Would you write out the full listing exactly, without any pictures?

(Beginning of Dataset section)

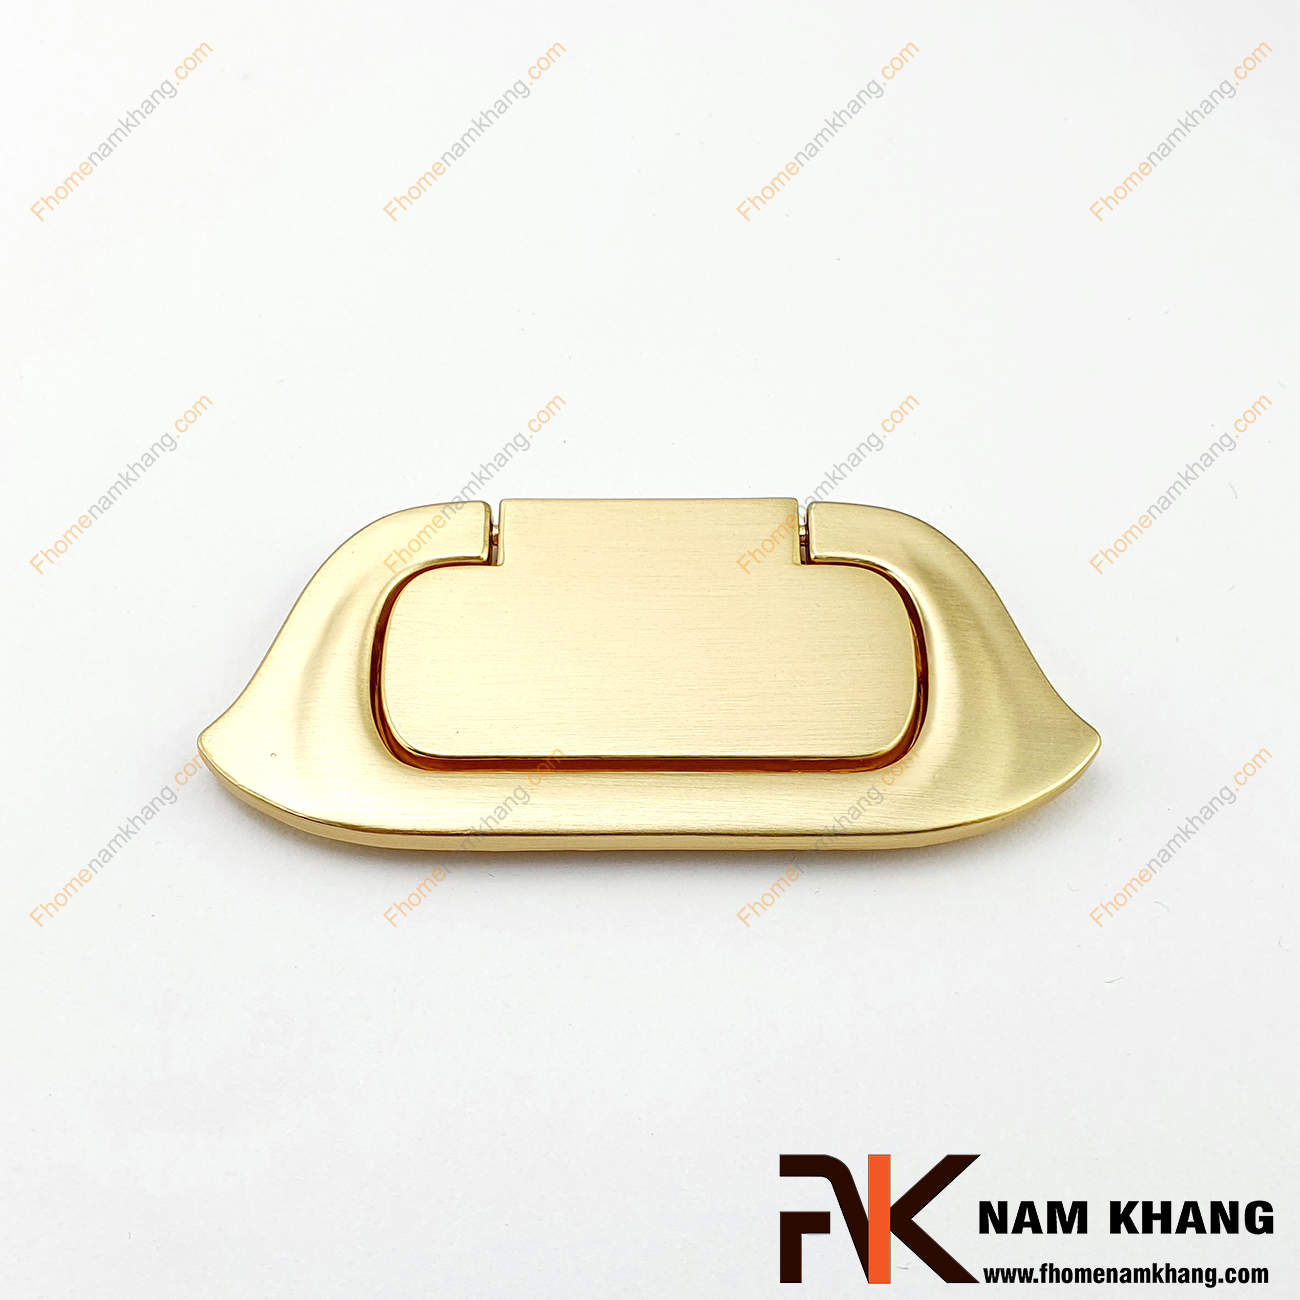 Núm cửa tủ dạng vòng màu vàng mờ cao cấp NK130S-VM có một nét thiết kế độc đáo trên nền chất liệu hợp kim cao cấp
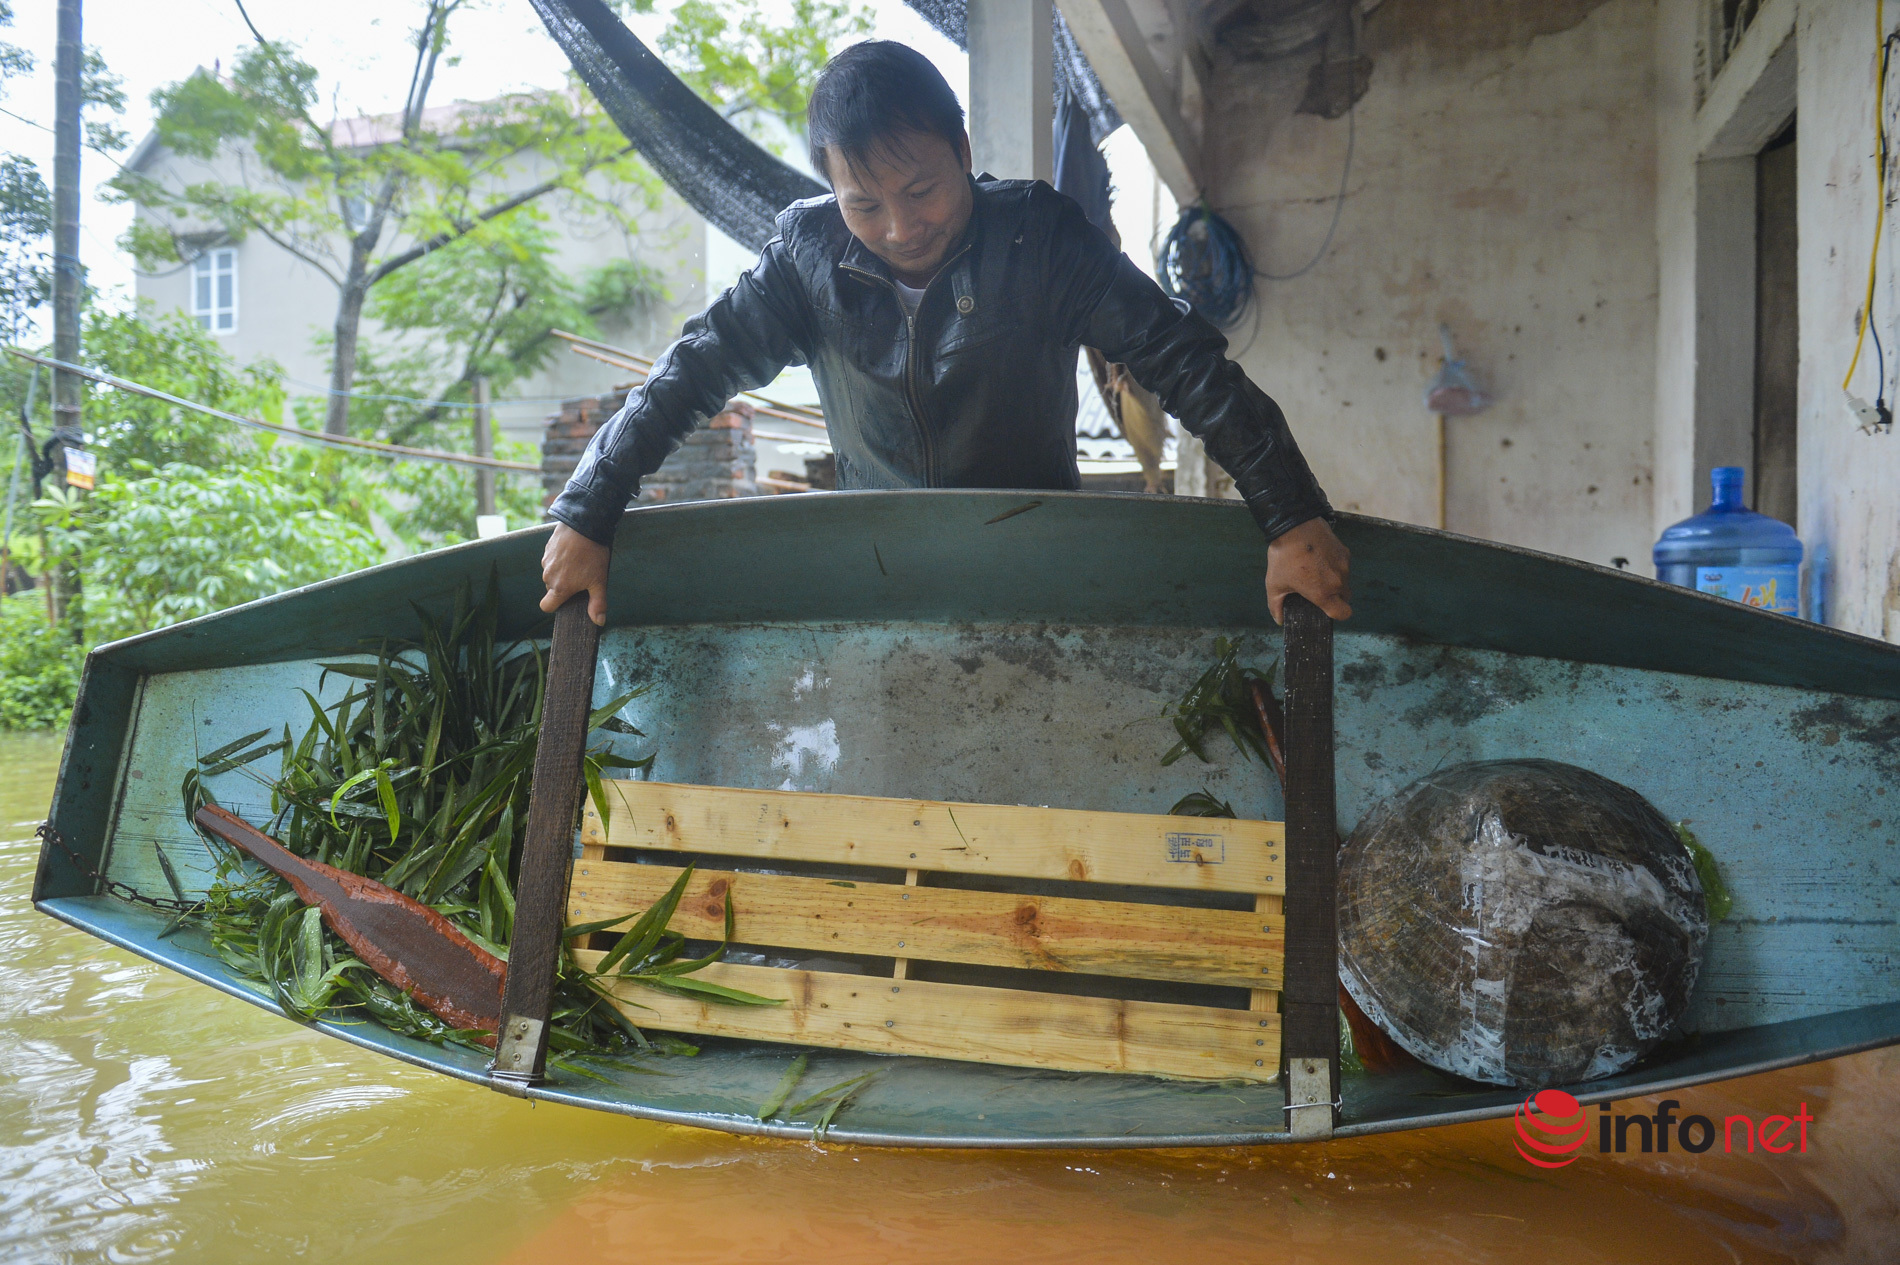 Hà Nội: Nước sông lên cao, hàng trăm hộ dân ở Chương Mỹ bị ngập nặng
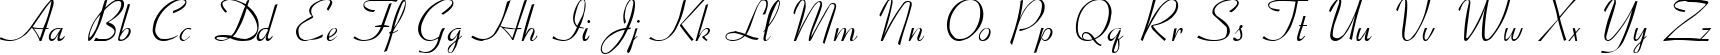 Пример написания английского алфавита шрифтом Ribbon

(End of Dataset section)

• Output for this exercise:
 Núm cửa tủ dạng vòng màu vàng mờ cao cấp NK130S-VM có một nét thiết kế độc đáo trên nền chất liệu hợp kim cao cấp
 Hà Nội: Nước sông lên cao, hàng trăm hộ dân ở Chương Mỹ bị ngập nặng
 Пример написания английского алфавита шрифтом Ribbon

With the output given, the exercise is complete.